ЧАСТЬ ВТОРАЯ. ПУТЕШЕСТВИЯ. РОЖДЕНИЕ МЕГРЭ

1

«Мы много путешествовали. Мы срывались с места внезапно. Мы внезапно возвращались, — рассказывала Тижи. — В 1929 году целью нашего путешествия были Нидерланды, а шесть лет спустя — весь мир! Нью — Йорк, Таити, Южная Америка, Индия… Сименон сбежал из Парижа сумасшедших лет, охваченного предвоенной лихорадкой, из Парижа, в который, казалось, он врос всеми корнями. И вдруг — труба зовет! В путь!»

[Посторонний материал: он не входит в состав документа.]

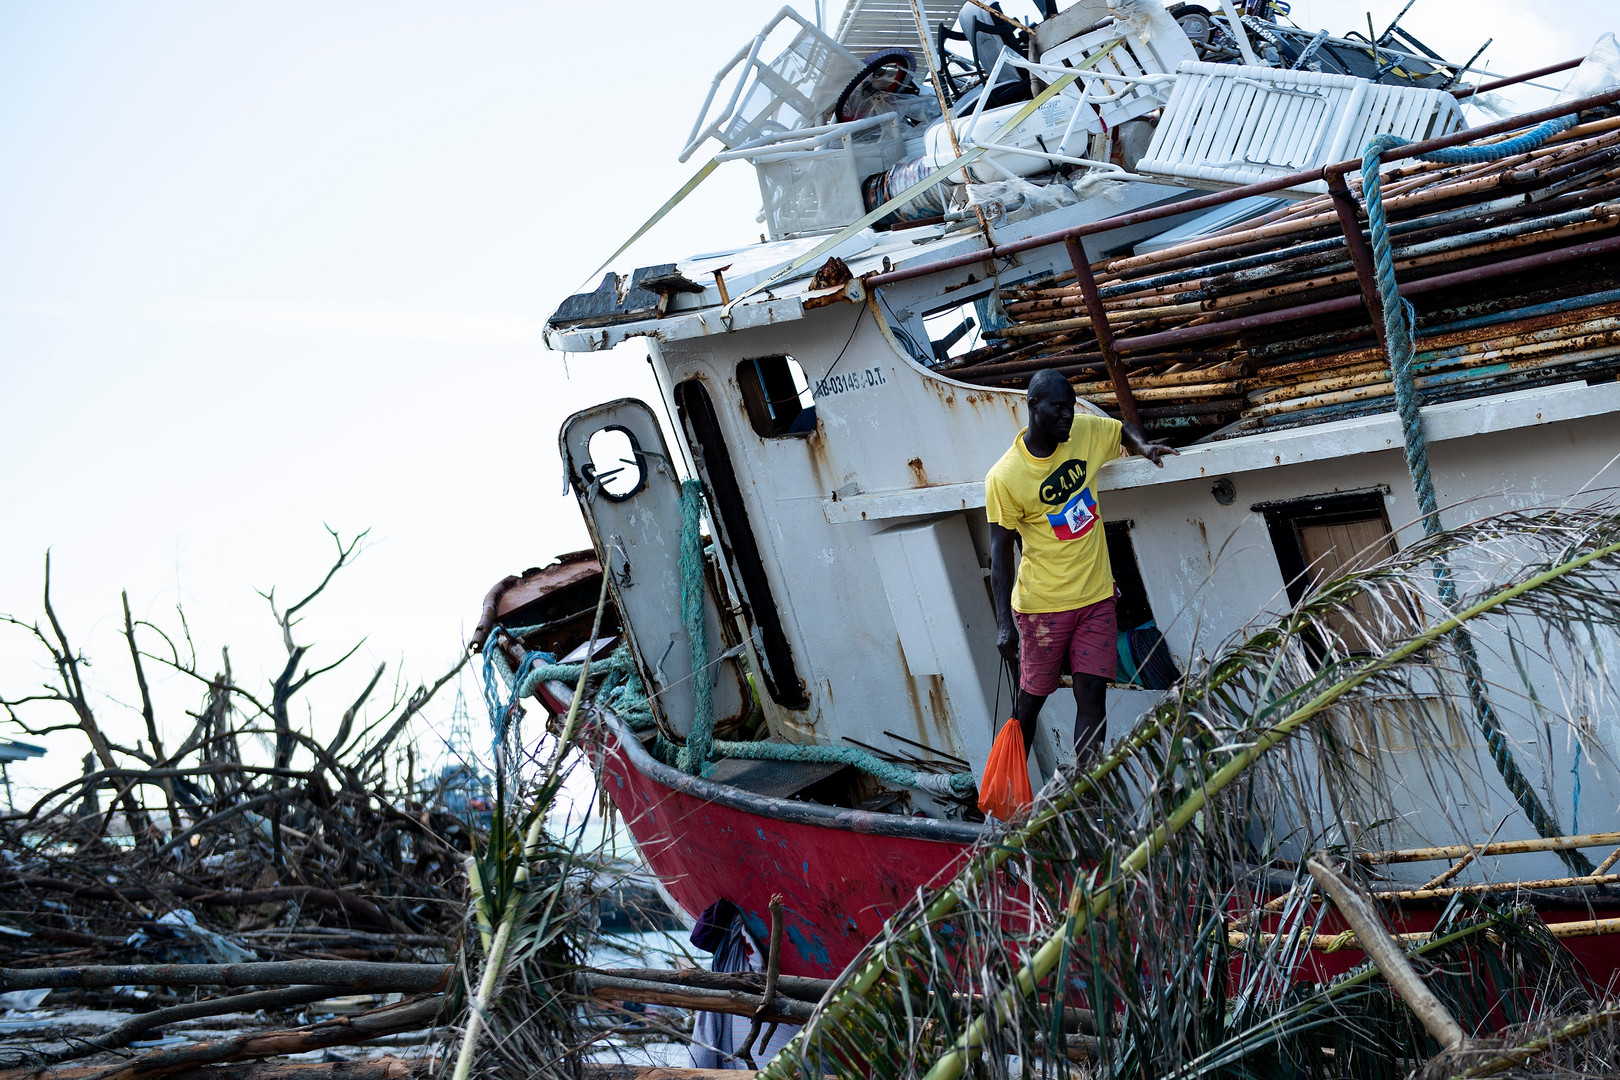 Désolation aux Bahamas après le passage de l'ouragan Dorian qui a fait au moins 40 morts (IMAGES)

Небольшой катер отправился в плаванье. На борту, кроме капитана, Тижи и Буль, огромный датский дог Олаф. На палубе палатка, где спит Буль. А с утра — это кабинет писателя, в котором устраивается раскладной столик и шаткий «туристический» стул. На буксире катер тянет байдарку, нагруженную продуктами, одеялами, кастрюлями. Напечатанный текст Сименон отправлял в издательства в толстых конвертах из каждого почтового отделения прибрежных населенных пунктов. Нескончаемый поток бандеролей.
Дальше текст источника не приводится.